Spectacle de gladiateurs ou exécution? (Sénèque)

Publié le par GO

Spectacle de gladiateurs ou exécution? (Sénèque)


TEXTE LATIN
 
Nihil tam damnosum bonis moribus quam in aliquo spectaculo desidere : tunc enim per voluptatem facilius vitia subrepunt... Casu in meridianum spectaculum incidi lusus exspectans et sales et aliquid laxamenti, quo hominum oculi ab humano cruore adquiescant: contra est. Quicquid ante pugnatum est. Misericordia fuit. Nunc omissis nugis mera homicidia sunt. Nihil habent quo tegantur. Ad ictum totis corporibus expositi numquam frustra manum mittunt. Hoc plerique ordinariis paribus et postulaticiis praeferunt. Quidni praeferant ? Non galea, non scuto repellitur ferrum. Quo munimenta ? Quo artes ? Omnia ista mortis morae sunt. Mane leonibus et ursis homines, meridie spectatoribus suis obiciuntur.
Interfectores interfecturis iubent obici et victorem in aliam detinent caedem : exitus pugnantium mors est. Ferro et igne geritur. Haec fiunt, dum vacat arena. Sed latrocinium fecit aliquis : "Occidit hominem." Quia occidit ille, meruit ut hoc pateretur: tu quid meruisti miser, ut hoc spectes ? "Occide, verbera, ure! Quare tam timide incurrit in ferrum ? Quare parum audacter occidit ? Quare parum libenter moritur?" Plagis agitur in vulnera : "Mutuos ictus nudis et obviis pectoribus excipiant." Intermissum est spectaculum : "Interim iugulentur homines, ne nihil agatur." Age, ne hoc quidem intellegitis, mala exempla in eos redundare, qui faciunt?
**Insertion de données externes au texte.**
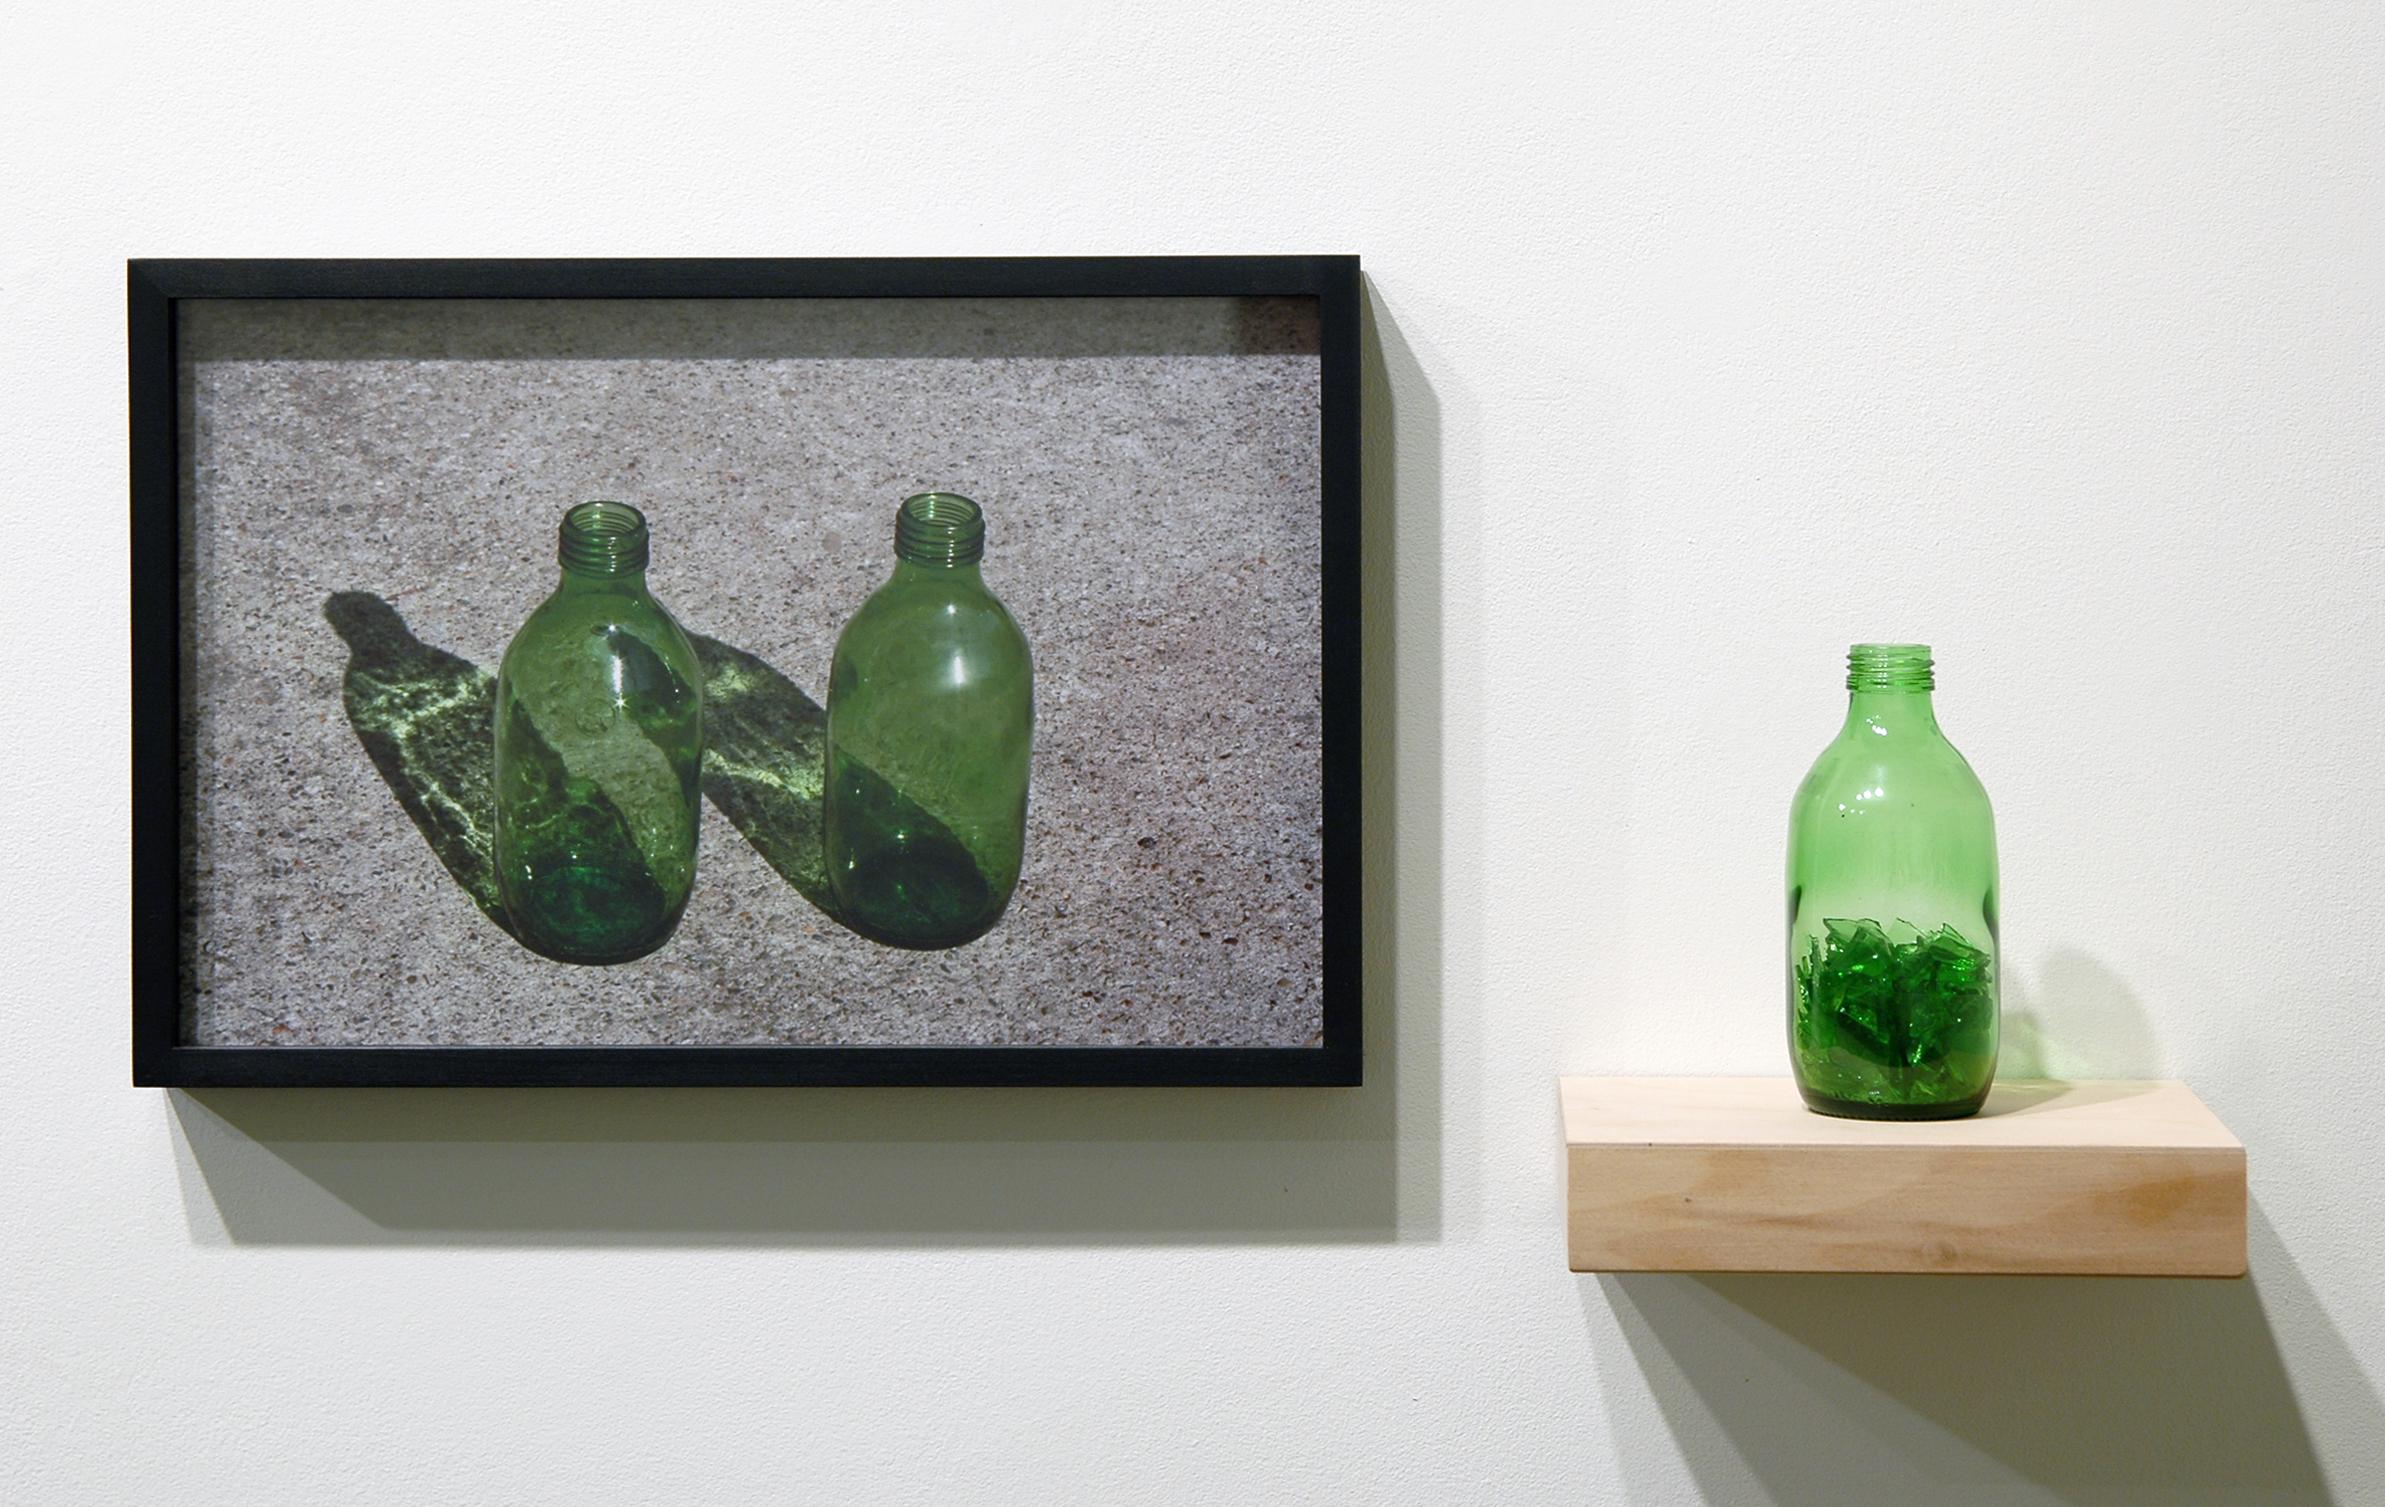 "WITH CINDER BLOCKS WE FLATTEN OUR PHOTOGRAPHS  Pablo Guardiola, Untitled , c-print, glass bottle, broken glass and shelf, 26"" x 12.5"" x 6"", 2013"

SÉNÈQUE, Lettres, 7, 2-5, partim.


TRADUCTION
 
Rien n'est aussi mauvais pour la morale que d'assister à un spectacle. Le plaisir qu'on y trouve ouvre la porte, plus aisément, au vice...
Un jour, par hasard, à midi, je me suis retrouvé au spectacle. J'attendais des jeux, des plaisanteries, de la détente, une diversion au sang humain que l'on répand sous nos yeux. Vaine espérance ! Dans les combats de la matinée, il y avait de la compassion. A midi, il n'y a pas de place pour les coeurs tendres, ce sont des mises à mort sans voiles. Les combattants, sans rien pour se garder des coups, ne frappent plus jamais dans le vide. Ces exhibitions, la plupart des gens les préfèrent aux rencontres de paires traditionnelles ou de stars.
Pourquoi pas, après tout ? Pas de casque, pas de bouclier pour parer les coups. A quoi bon des protections, des feintes qui ne sont que des trucs pour retarder la mort ? Le matin, les hommes sont exposés aux lions et aux ours ; le midi aux spectateurs. Ils exigent que les tueurs affrontent leurs futurs meurtriers qui joueront dans un autre carnage. Les combattants n'ont qu'une seule issue, la mort. Le problème se règle par le fer et le feu. Voilà ce qu'on fait pour éviter que l'arène reste vide.
- Celui-là, c'est un vaurien, il a tué un homme ! - Et alors ? - Parce qu'il a tué, il a mérité ce qui lui arrive. - Et toi, misérable, qu'as-tu fait (de mal) pour être condamné à regarder ces horreurs ? - Tue, frappe, brûle ! - Pourquoi est-il si mou en courant vers le fer ? Pourquoi a-t-il peur de tuer? - Il met peu de bonne volonté à mourir. - Coup pour coup ! - O merveille ! des deux côtés on se bat à poitrine nue !
On fait entracte. - On veut voir égorger des hommes ! - On ne veut pas de temps mort ! Ainsi donc, vous ne voulez pas comprendre que ces mauvais exemples rejaillissent sur ceux qui les donnent.